Russell Sage Foundation - Gates Foundation Pipeline Grants Awarded to Emerging Scholars

Wednesday, March 17, 2021

Russell Sage Foundation - Gates Foundation Pipeline Grants Awarded to Emerging Scholars

The Russell Sage Foundation, in partnership with the Economic Mobility and Opportunity program at the Bill & Melinda Gates Foundation, is pleased to announce twenty-one awards made in the second round of their Pipeline Grants Competition.  Together, these research projects by emerging scholars represent a wide range of innovative research on economic mobility and access to opportunity in the United States. The RSF-Gates Pipeline Grants initiative is designed to support early- and mid-career tenure-track scholars who are underrepresented in the social sciences and to promote diversity broadly, including racial, ethnic, gender, disciplinary, institutional, and geographic diversity.

Following is the list of grant recipients with links to brief descriptions of their research projects.

Abhay Aneja (University of California, Berkeley) and Guo Xu (University of California, Berkeley)will study the impact of workplace racial segregation by analyzing the effects of President Woodrow Wilson’s 1913 directive segregating federal government workers by race.

Yaa Akosa Antwi (Johns Hopkins University) will evaluate the effect of Medicaid eligibility in childhood on criminal behavior in adulthood using changes in Medicaid eligibility rules in the 1980s and 1990s.

Noli Brazil (University of California, Davis) will examine the extent to which public school closures due to the economic effects of the COVID pandemic occur primarily in minority neighborhoods.

Brielle Bryan (Rice University) will study the extent to which people with felony convictions face discrimination in the rental housing market.

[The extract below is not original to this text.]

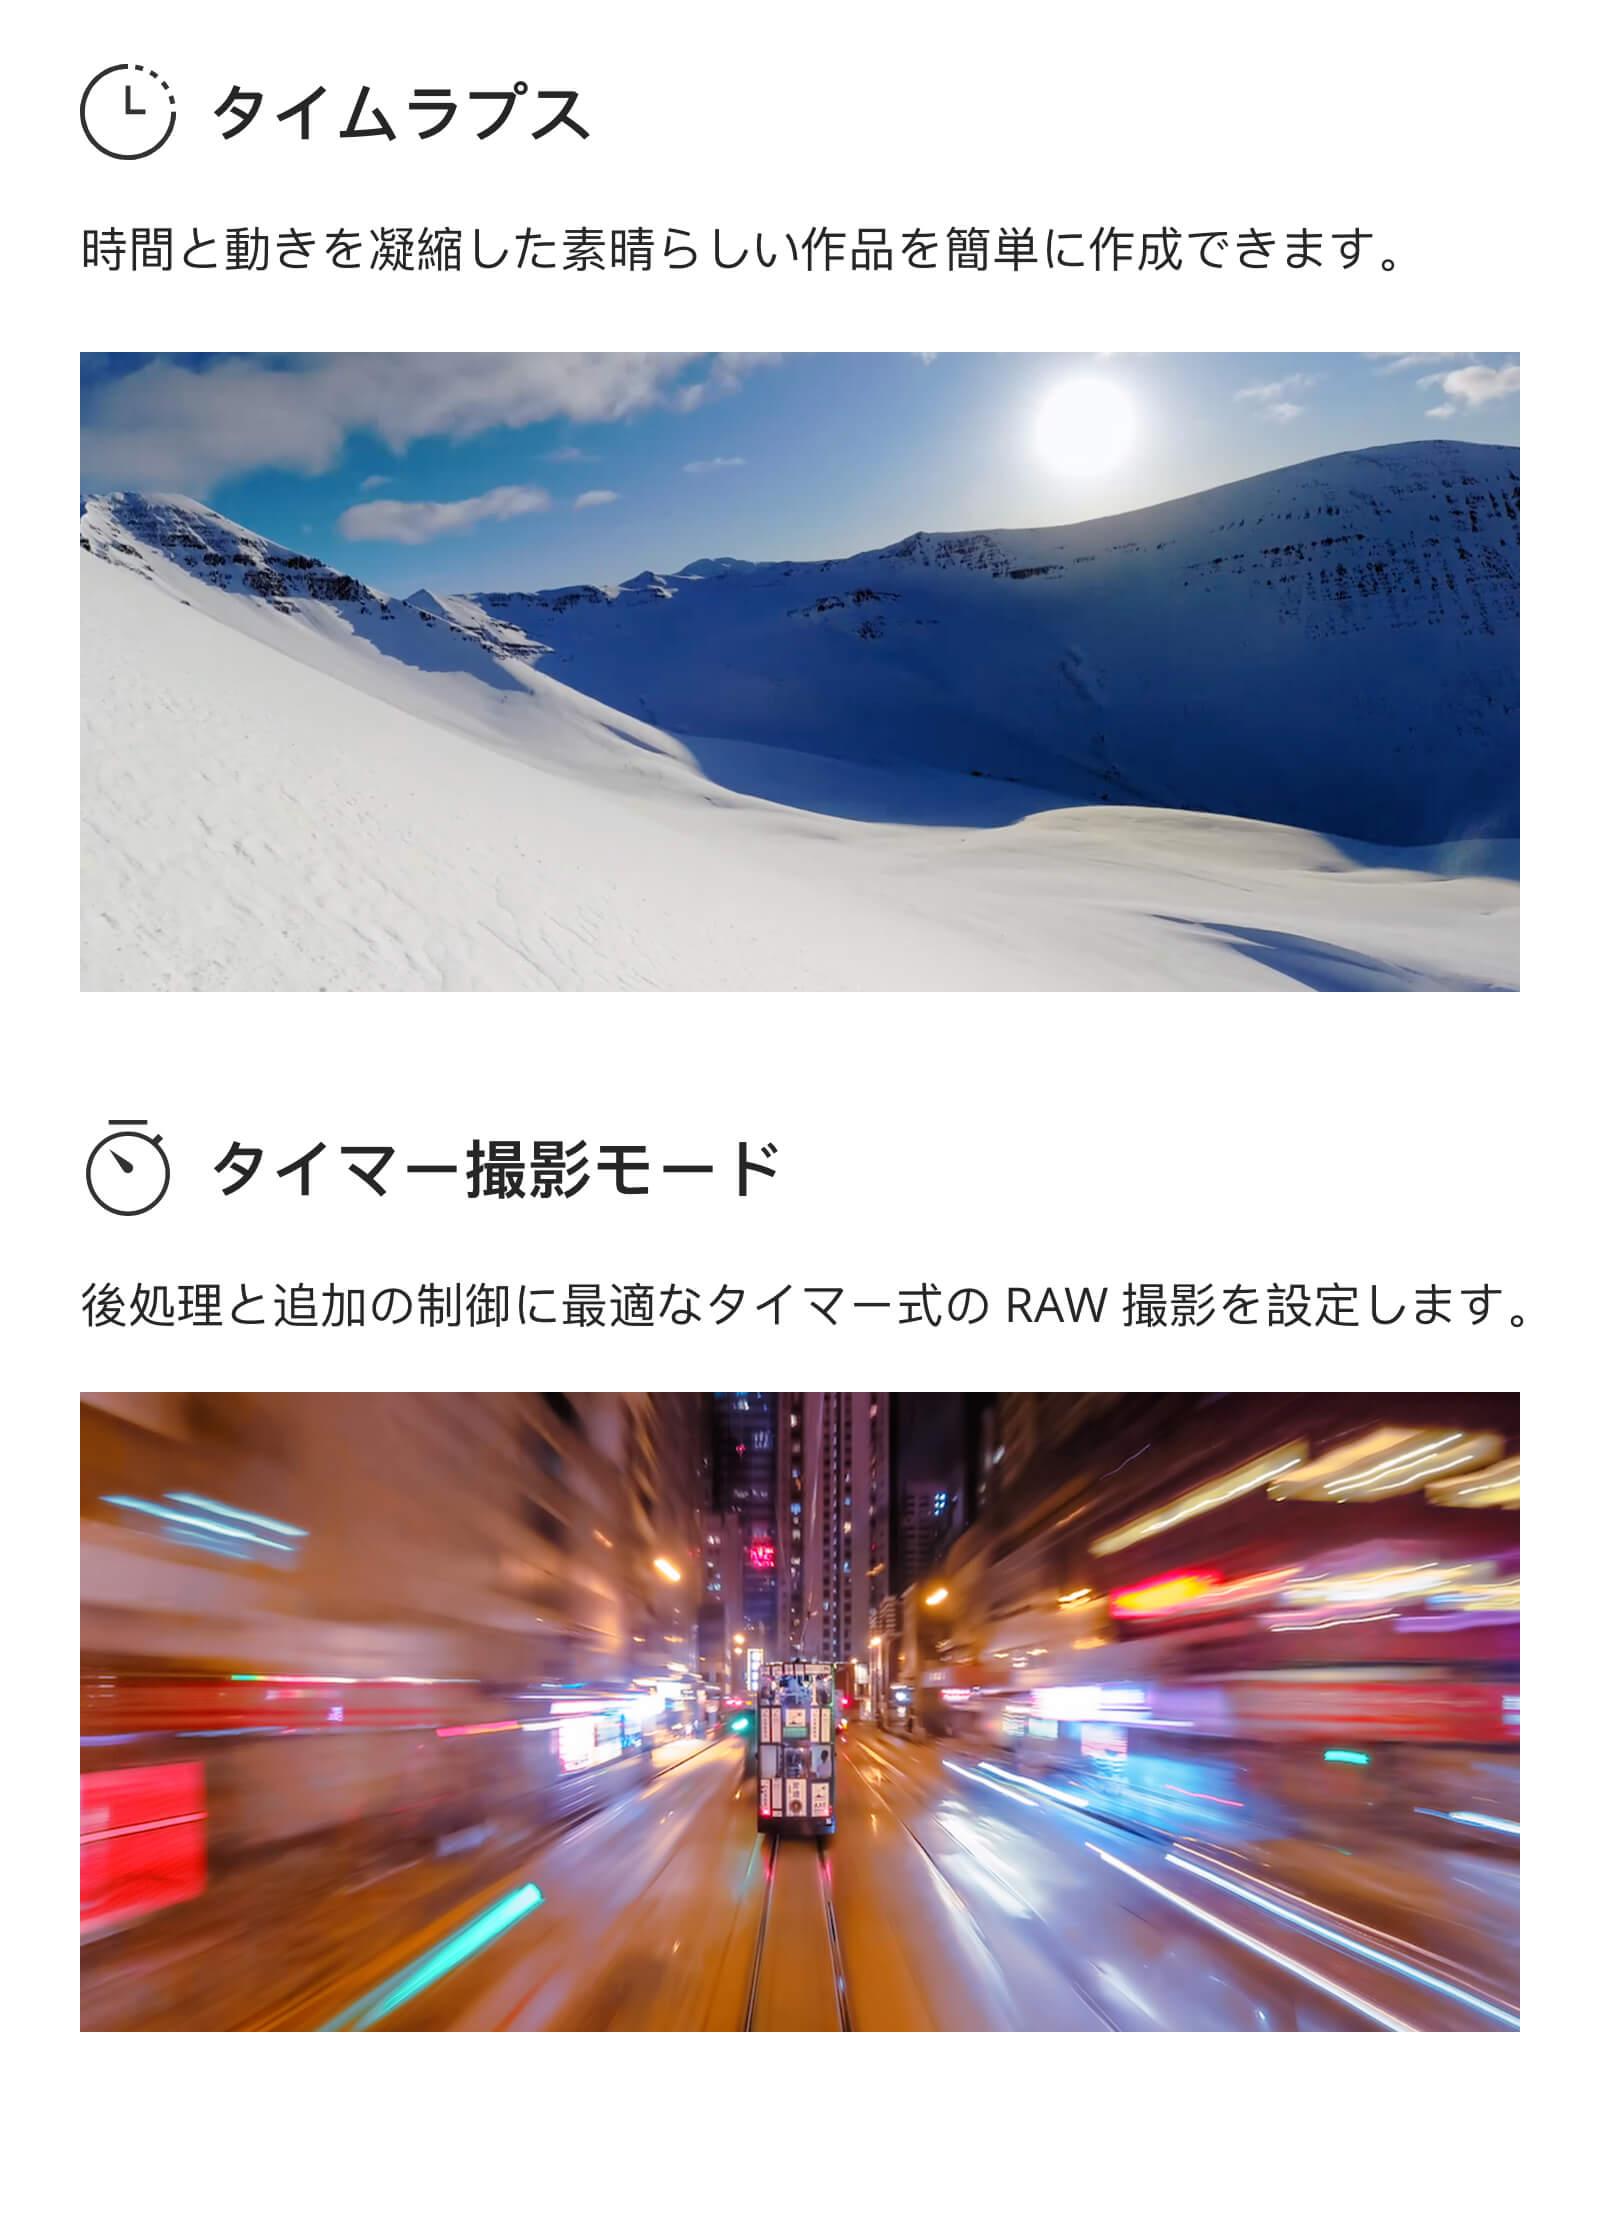 https://www.drone-station.net/images/DJI/osmoaction/08action.jpg

Stephanie Canizales (University of California, Merced) will study unaccompanied Central American and Mexican immigrant youth's ties to their families at home and how they shape youth's financial stability.

Laura Cuesta (Rutgers University, New Brunswick) and Alejandra Ros Pilarz (University of Wisconsin) will study how regularity in child support receipt has changed over the past twenty years and the extent to which regularity affects custodial mothers’ employment and economic well-being.

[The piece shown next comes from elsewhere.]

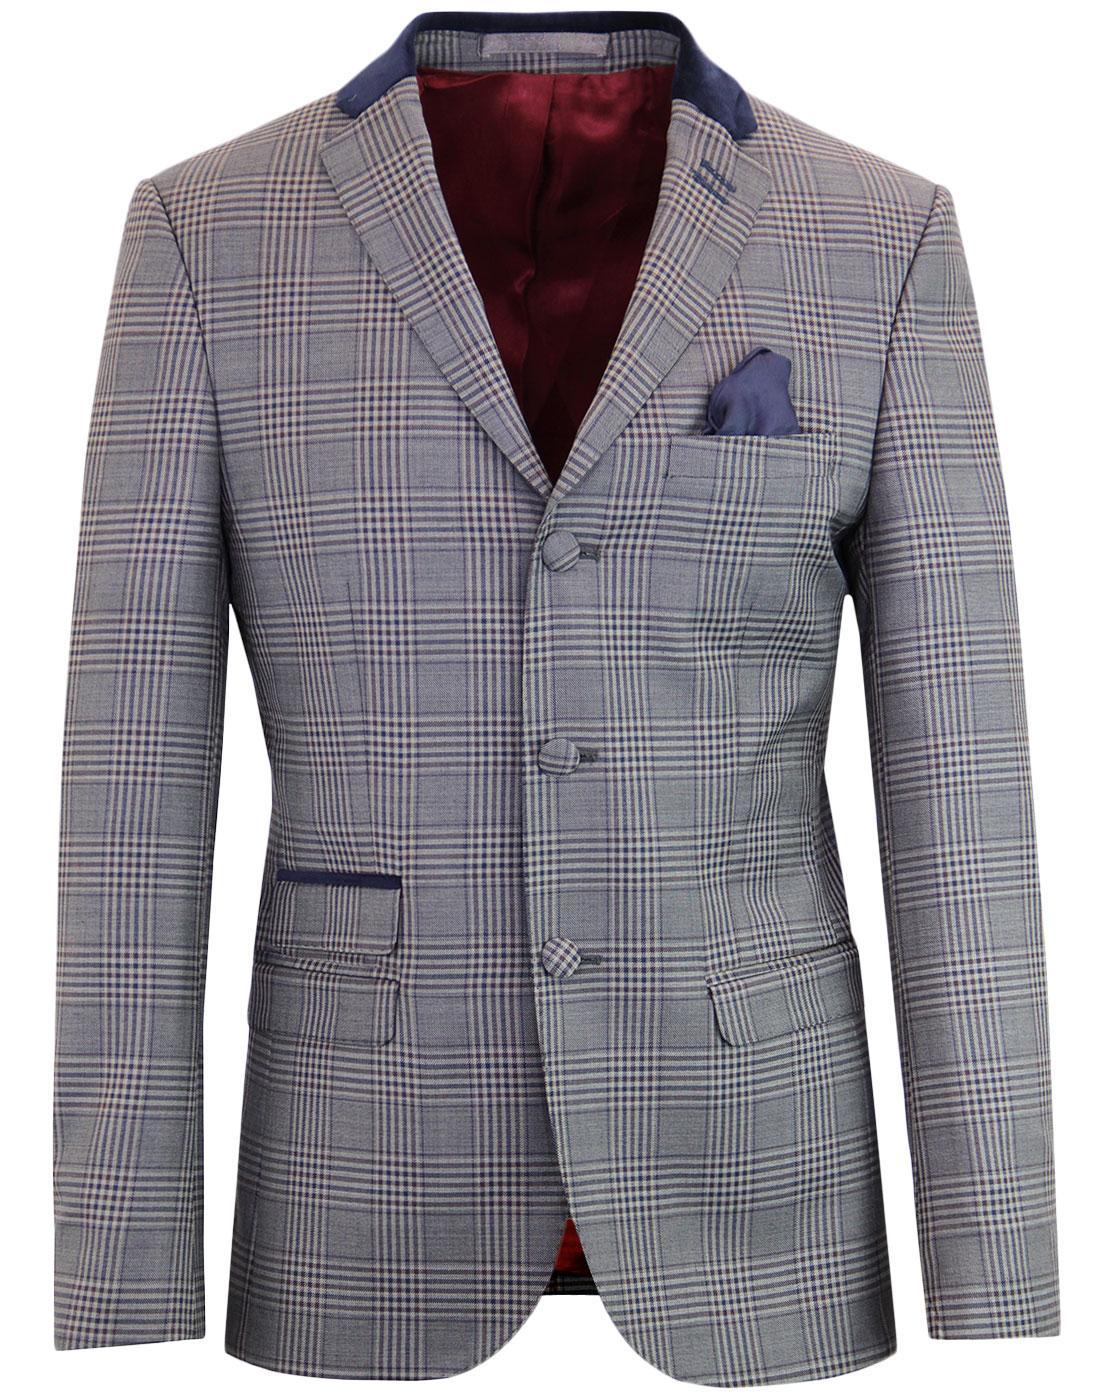 MADCAP ENGLAND POW Check Velvet Collar Suit Jacket

Daysi Diaz-Strong (University of Illinois, Chicago) will examine the role of high school teachers, counselors, and social workers in providing financial aid resources for undocumented youth.

Angela Dixon (Emory University) will investigate the ripple or “spillover” effects of Black–White disparities in mortality and the intergenerational consequences for survivors’ wellbeing.

Linsey Edwards (New York University) will examine the prevalence, causes, and consequences of zero and near-zero work hour schedules as a form of job precarity.


Rachel Ellis (University of Maryland College Park) will study women on probation to examine the unequal impacts of state surveillance, with special attention to the role of gender and motherhood.

Laura Enriquez (University of California, Irvine) will examine how undocumented status creates legal vulnerability that can compromise Latinx children of immigrants’ potential for upward mobility.

Brittany Fox-Williams (CUNY Lehman College) will study the racial dynamics of trust in student-educator relationships in New York City high schools and ways to foster trusting school climates for Black youth.

Emily Frazier (Northwest Missouri State University) will study refugee integration in the Midwest following Trump-era admission cuts and policy changes to the refugee resettlement system.

Yana Kucheva (CUNY, City College) and Norma Fuentes-Mayorga (CUNY, City College) will study mixed-status Latino families to examine how the social safety net contributed to new inequalities during the pandemic.

Analisa Packham (Vanderbilt University) and David Slusky (University of Kansas) will study the extent to which removing Medicaid application barriers for released inmates affects health care take-up, recidivism, and occupational trajectories.

Christian Phillips (University of Southern California) will analyze the influence of ethnicity, gender, and economic roles of Filipina American essential workers on their political incorporation.

Aradhya Sood, (University of Toronto) and Milena Almagro (University of Chicago) will study the extent to which racially restrictive housing covenants contributed to segregation, the racial wealth gap, and unequal access to neighborhood amenities.

George Spencer (University of Georgia) will study the extent to which losing financial aid affects student mobility and degree completion and the potential consequences of retention requirements for merit-based grant programs.

Casey Stockstill (University of Denver) will study teacher stress, COVID workload changes, and “play-based learning” execution in sixty Denver preschools with varied race/class compositions.

Courtney Thomas Tobin (University of California, Los Angeles) will investigate the psychosocial consequences of social mobility among Black Americans and how it affects their well-being.

Diane Wong (Rutgers University, Newark) will examine the political response of residents in Manhattan’s Chinatown to evictions, landlord harassment, cultural erasure, and other forms of dispossession.